Remove occurrence of a text on other rows if it appeared more than 3 times already

I_T · September 15, 2024, 3:54pm

Hi, I’m really confused on how loops work here or if I even need a loop to get the output I need.

I have a column that has delimited values of IDs, sample:
row IDs
1 one1;two2;three3;four4;five5
2 one1;three3;four4;five5;six6
3 one1;seven7;four4;eight8;nine9
4 one1;two2;three3;nine9
5 one1;two2;four4;ten10

I want my output to be:
row IDs
1 one1;two2;three3;four4;five5
2 one1;three3;four4;five5;six6
3 one1;seven7;four4;eight8;nine9
4 two2;three3;nine9 --------------------------> removed one1
5 two2;ten10 --------------------------> removed one1 & four4

My goal is to have only 3 at max occurrences of an ID for all of the rows of the data table.

Help me please!

#loops #ruleengine

JPollet · September 16, 2024, 2:56pm

Hi @I_T and welcome !
Here is a very crude workflow (maybe someone would provide a more elegant solution).

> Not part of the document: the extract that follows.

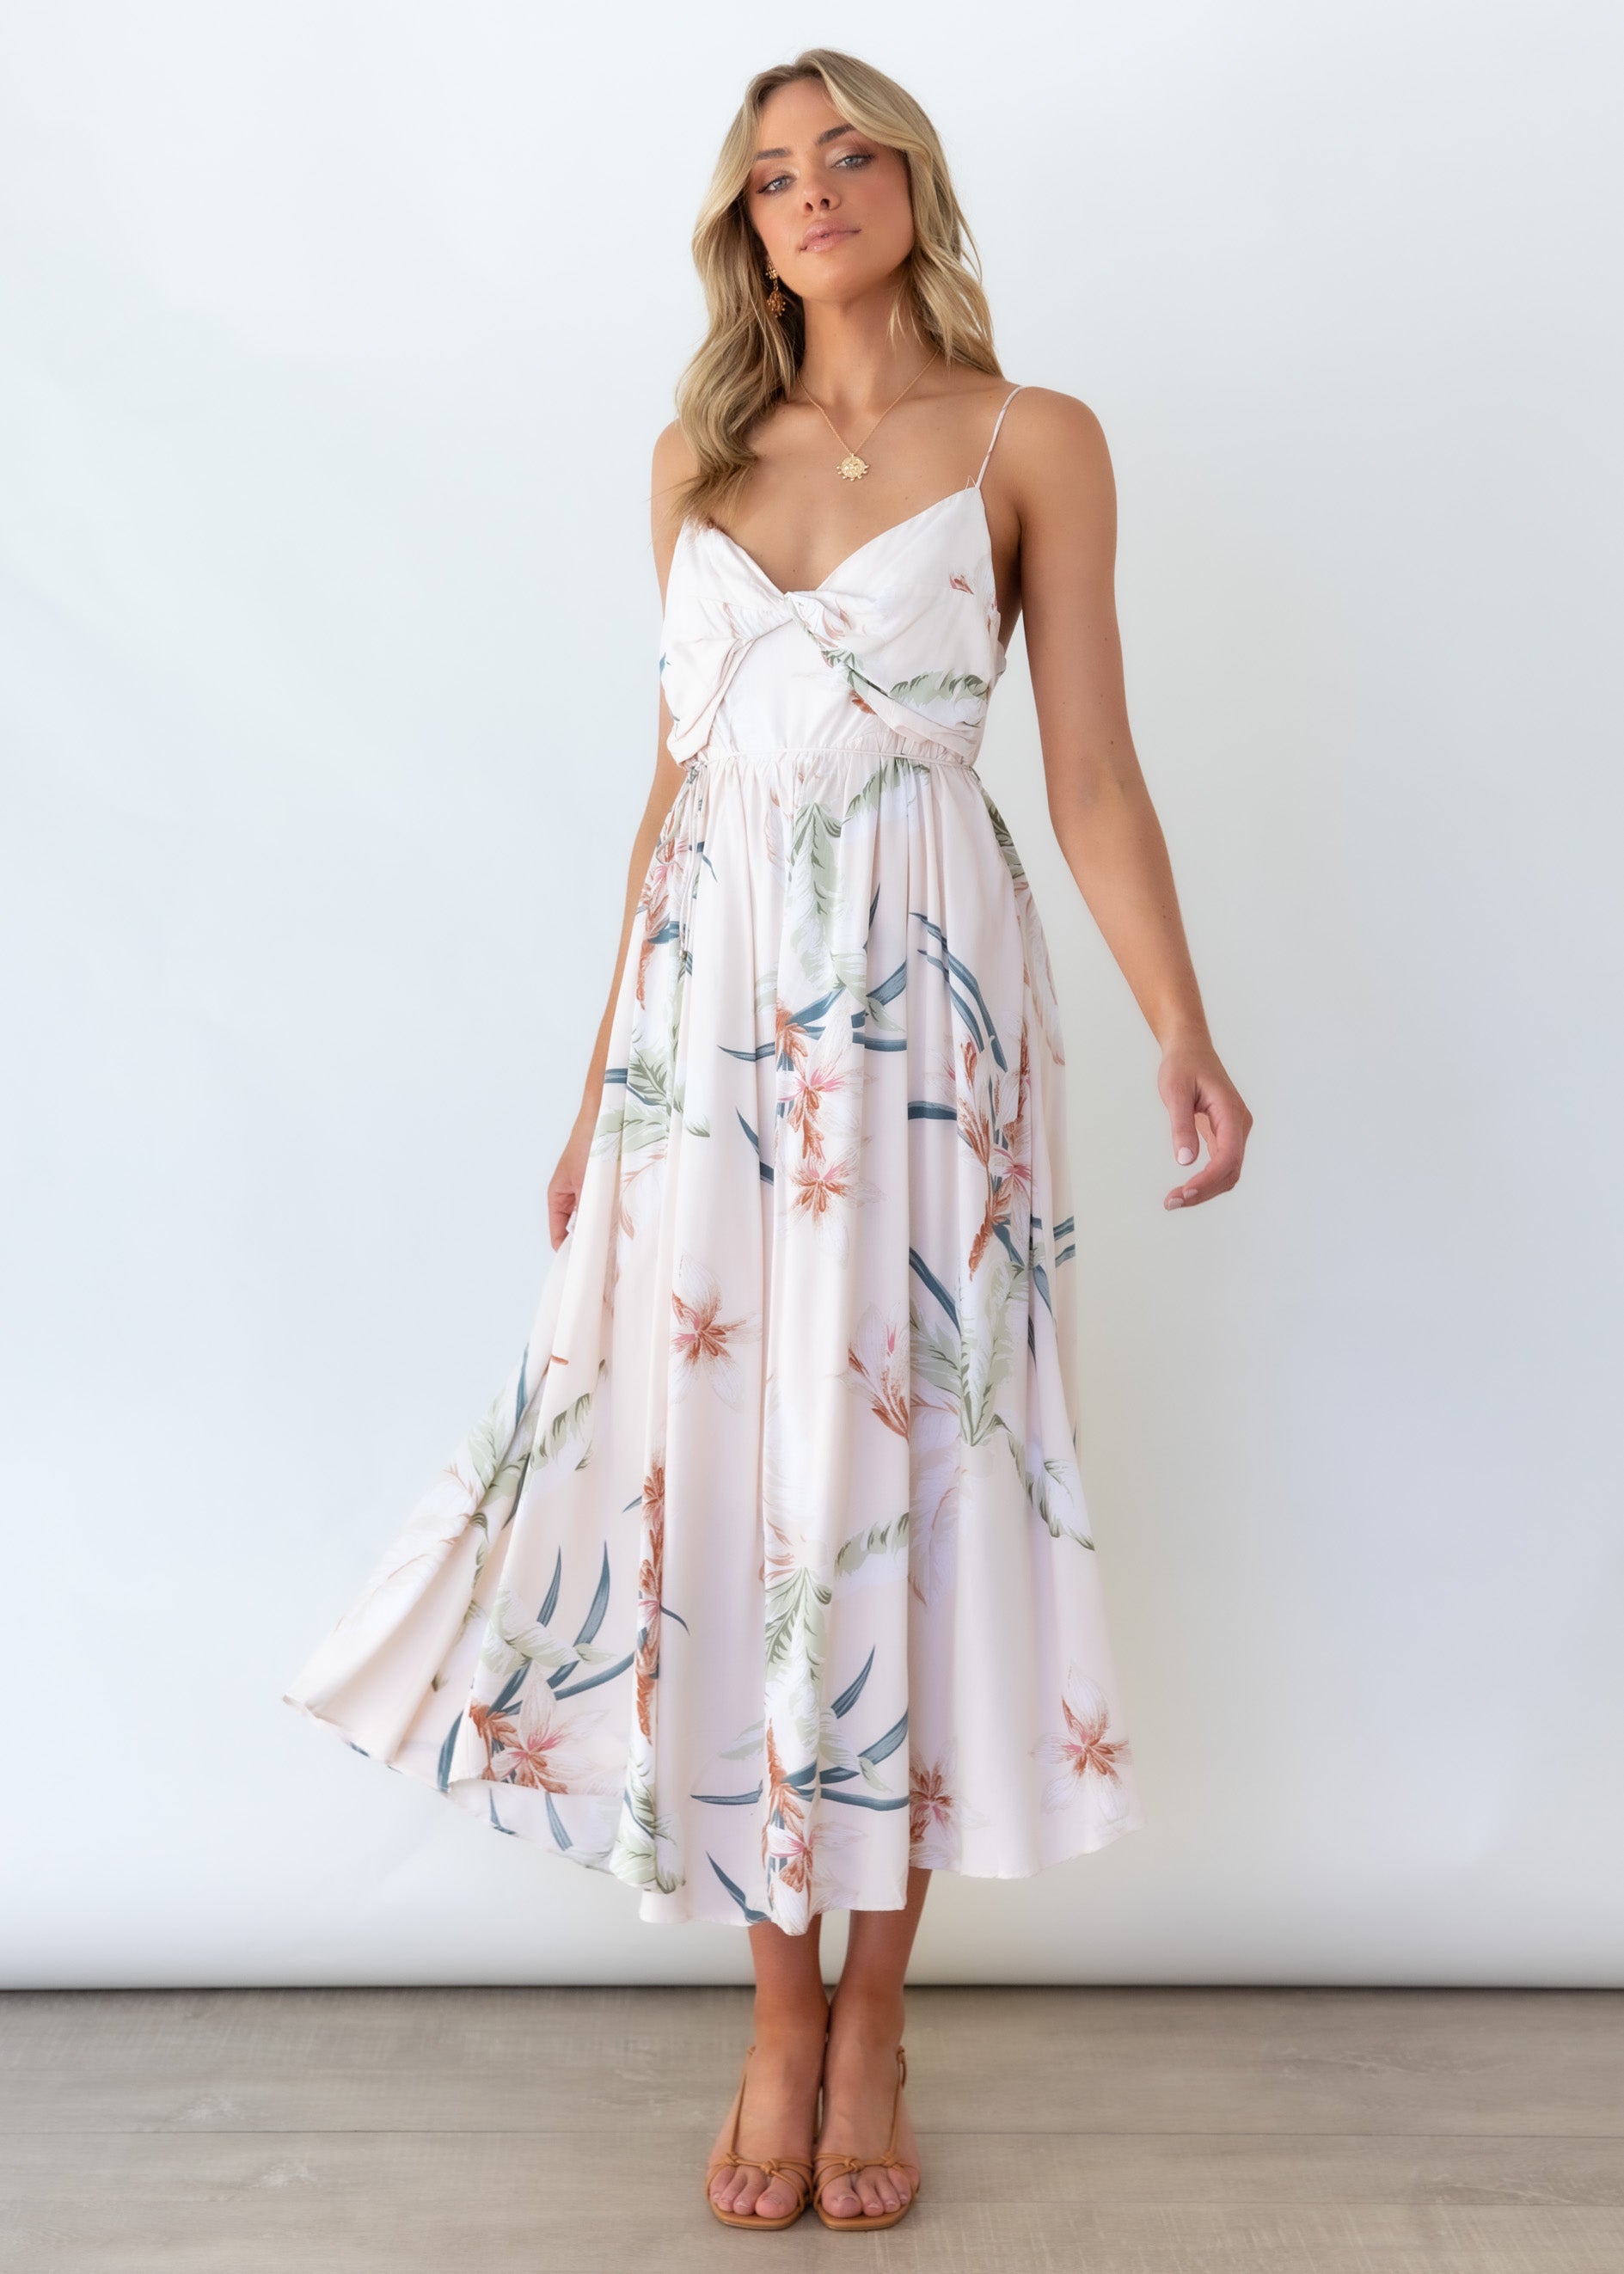 Williams Midi Dress - Beige Floral

The main idea is to convert IDs in list and use exclusive-or between initial list and the IDs to be remove at the right place.
Hope that could be usefull !

data_cleaning_v0.knwf (44,6 Ko)

Best,
Joel

JPollet · September 16, 2024, 3:23pm

Oups…
A much more direct proposal !
See second branch of the workflow.

Rank node does all the job.

data_cleaning_v1.knwf (60,9 Ko)

Joel

I_T · September 17, 2024, 7:14am

Thanks Joel! I’ll try this approach.